“I checked every vendor,” he hissed. “Every last one, and a lot of the locals who were just milling about. Guess who hadn’t seen her?”

“W-well, they’re not going to tell you, are they?” the man spluttered. “You’re an outsider. They don’t trust outsiders here.”

“A fact you didn’t bother to mention before sending me on that useless chase!”

“What useless chase?” I asked.

“I came here after our lovely meal to talk to the girl but didn’t find her. Head honcho here told me she’d run off in a panic. Only nobody saw her where he said.”

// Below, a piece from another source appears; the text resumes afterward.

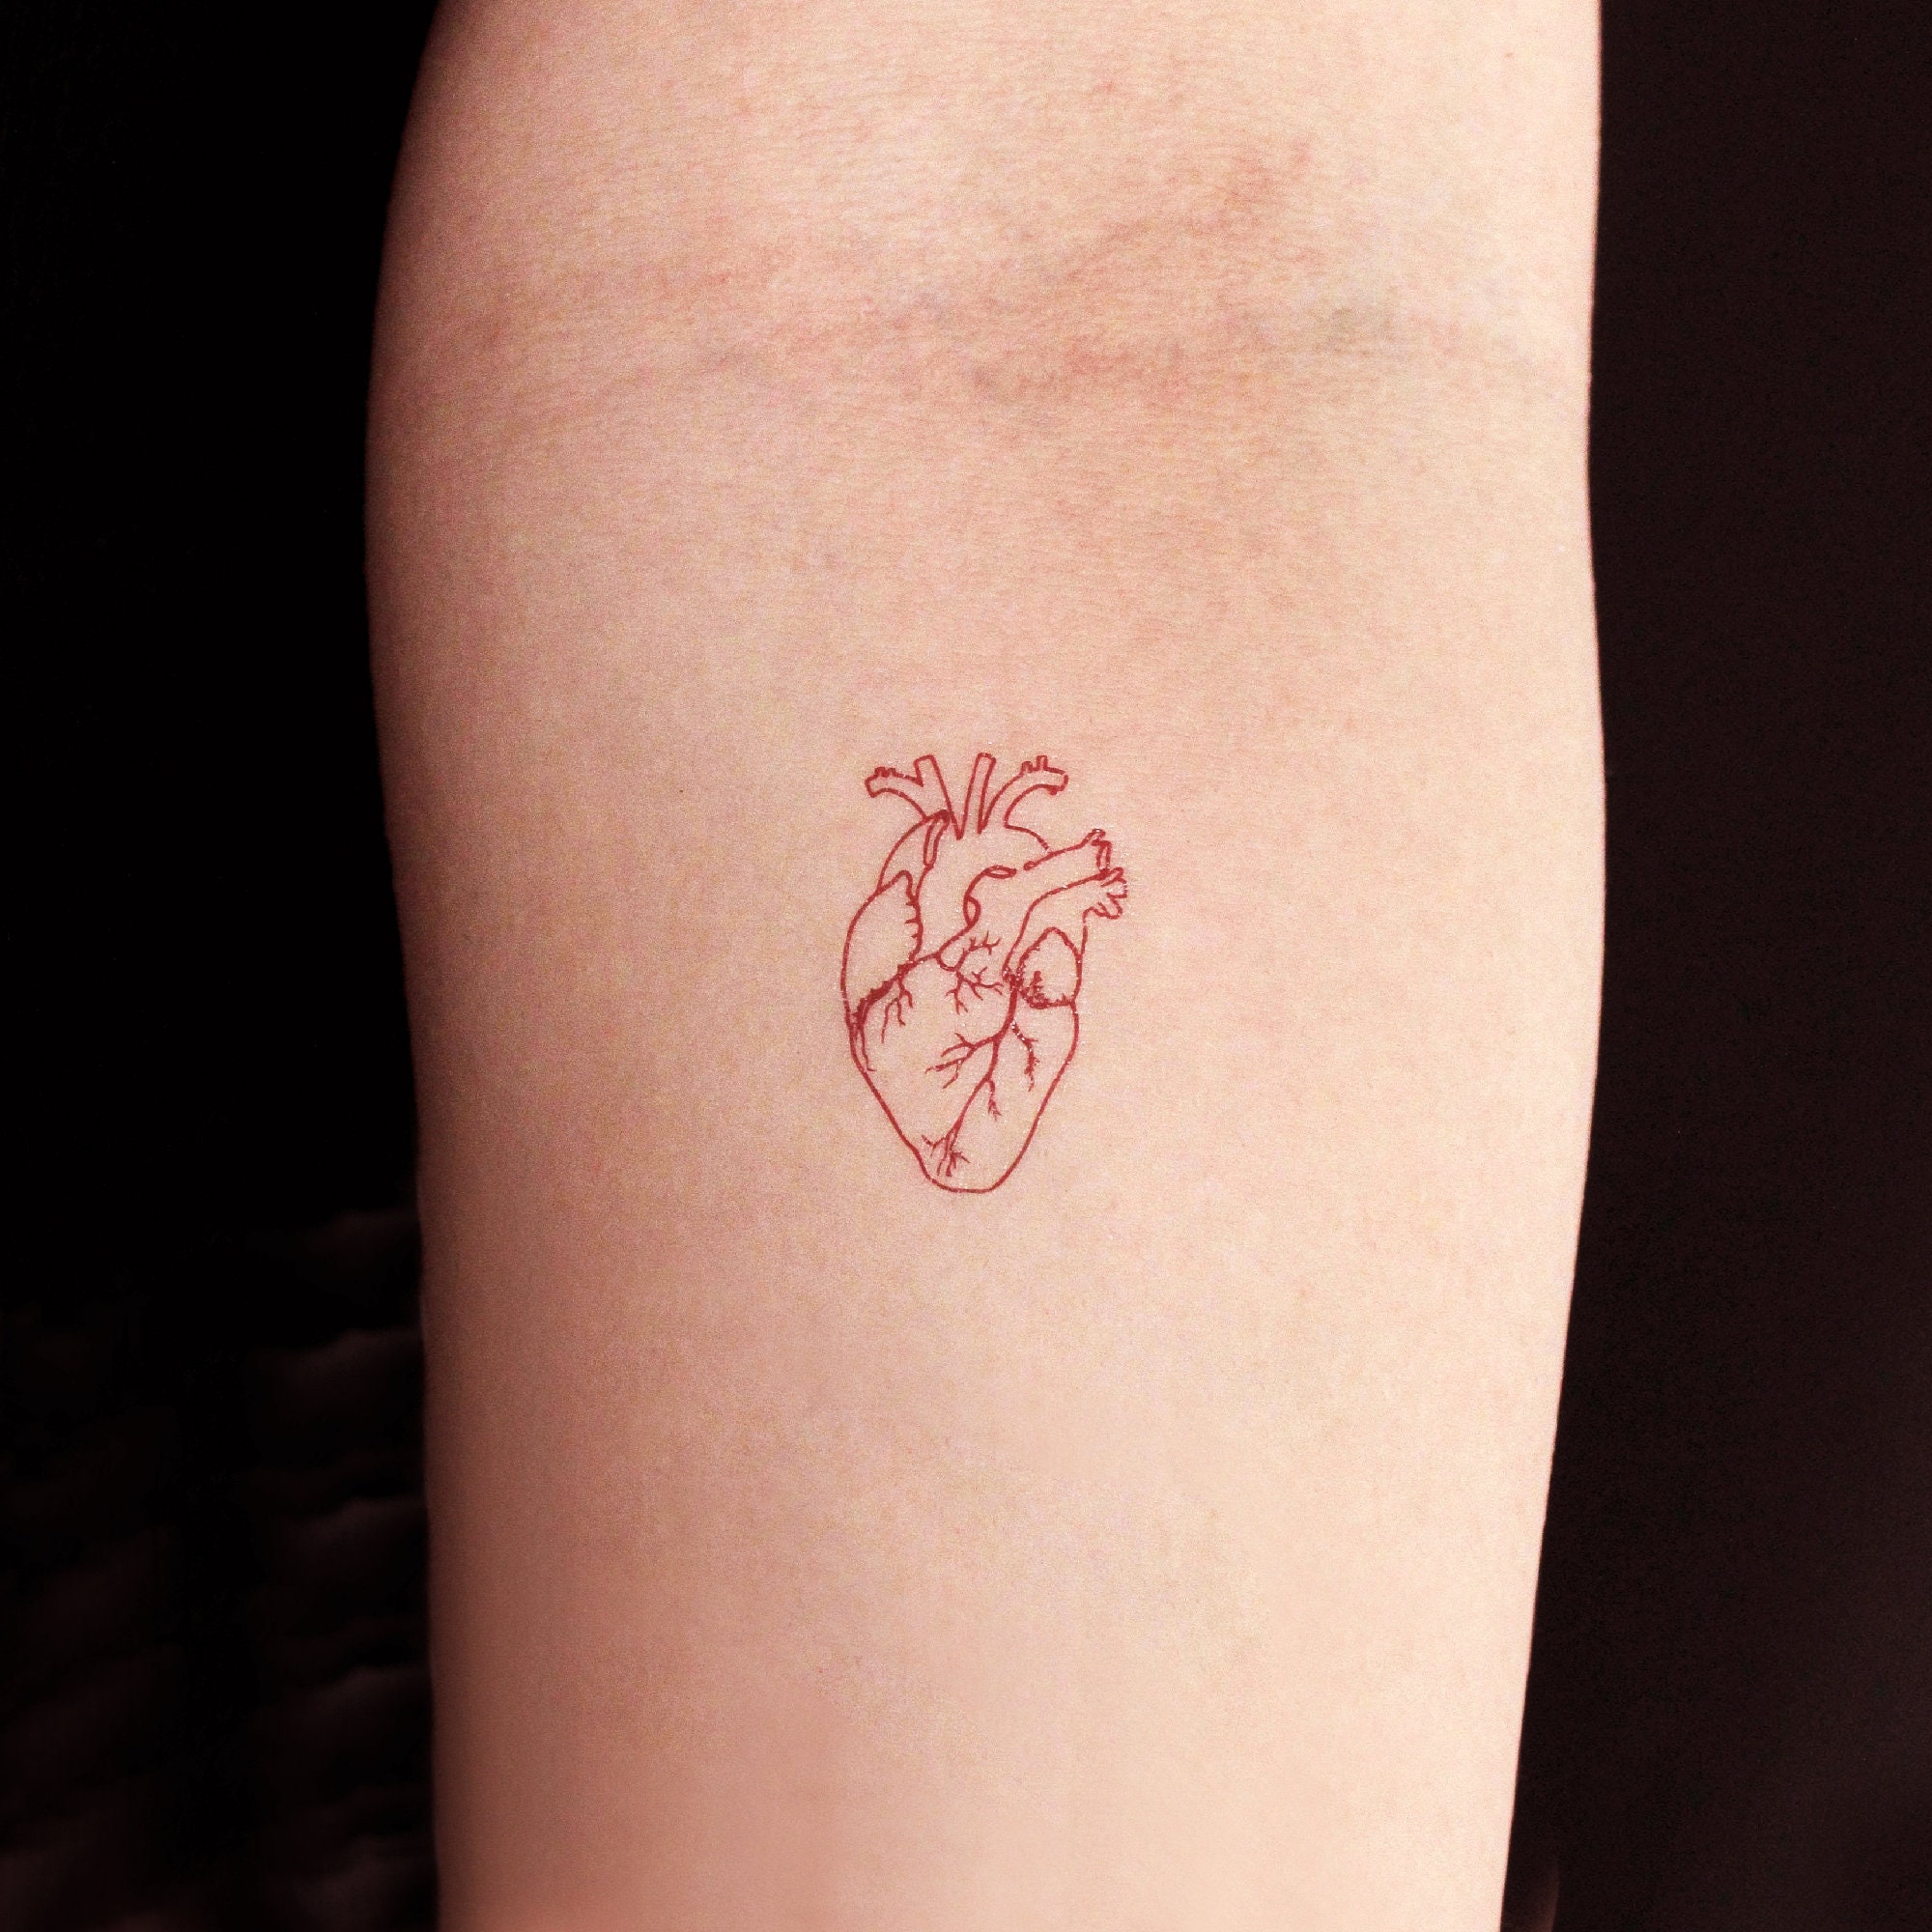 Red ink Tattoo on Dark Skin  Red ink tattoos, Mini tattoos, Simplistic  tattoos

“That’s why you had all that food,” I guessed.

“Merchants talk better if you buy something,” he agreed. “And I hit up every one.”

“Perhaps they missed her?” Honcho volunteered, which was a bad move. Something he realized when the fang was back and scraping his skin this time. But he kept on babbling anyway.

I wasn’t sure he could stop at this point.

“It’s dinner time,” he said, his voice shrill. “Everybody goes to Fountain Court! It’s the cheapest place to eat. The fishermen give their unsold catch to the vendors for a song, and they sell it on to the crowds—”

“Shut up!” Alphonse hissed. “The passage from here to the city comes out right in front of them! And a fleeing, half-drowned redhead is memorable. So, she didn’t go that way—”

“She did! I swear she—”

“—and now the trail is cold, and you’re going to warm it up for me or be the main course at the next meal. With an apple in your mouth.”

Alphonse never raised his voice, but he didn’t have to. The man shot a look at a nearby spit, where some small, goat-sized animal was roasting. It didn’t have an apple, but I thought he got the idea.

“Tell me!” Alphonse said, grabbing the guy’s neck and causing his protestations to descend into incomprehensible gurgling.

I glanced around. People were still steadily working, most not even glancing this way. That could have been the heat, sapping the life out of them because the designer of this place must have been a sadist. Yet you’d think their boss possibly being dinner would raise at least an eyebrow.

But no. How often did this sort of thing happen, I wondered. ‘Cause it was looking like the answer might be daily, to the point that nobody bothered to take notice unless their workstation was close enough to risk getting sprayed by blood.

One of the workers was a young woman making meat pies at a nearby table. Pritkin had said that the Alorestri had the best food in Faerie because they pulled from both sea and land and had elements from two worlds’ cuisines in their own. I’d been looking forward to trying some local dishes but was now more interested in the person preparing them.

Everybody else was red-faced and sweating, but she looked cool as a cucumber, with her clear skin not so much as flushed. She also bore a slight resemblance to the waitress, although she was way better looking, and the other girl hadn’t been ugly. I wondered if they were related and wandered over.

And she noticed, although she quickly looked down at the filling she was spooning into the pastry. It looked good, and a platter of finished pies being loaded onto a tray for baking looked even better. My stomach, still neglected and complaining about it, grumbled fiercely, and the girl glanced up in surprise.

I grinned at her. “Missed dinner,” I said, and she looked startled before abruptly hitting the floor.

It happened so fast that, at first, I thought she’d slipped. But a check under the table showed her body in something that wasn’t a curtsey or even a bow. It was full-on prostration, and the floor was in no condition for it, being full of muddy footprints, pieces of squashed vegetable, and raw sausage.

Without thinking, I grabbed her hand to pull her back up, and she immediately started screaming.

I let her go and stepped back, but the screaming didn’t stop. It wasn’t crying or even sobbing; it was full-on, high-pitched panic, like a lamb being led toward a stump covered in blood and with a bunch of other lamb’s heads scattered around it. And I had no idea what to do with that.

“Um,” I said brilliantly as Alphonse looked over at me.

“What the hell?”

“That’s what I’d like to know.”

“Maybe we should switch spots,” he said. “You take bitch boy here and I’ll intimidate the girl.”

“I wasn’t trying to intimidate her! I just wanted to get her off the floor.”

And before I’d even finished my sentence, she scrambled up, still screaming.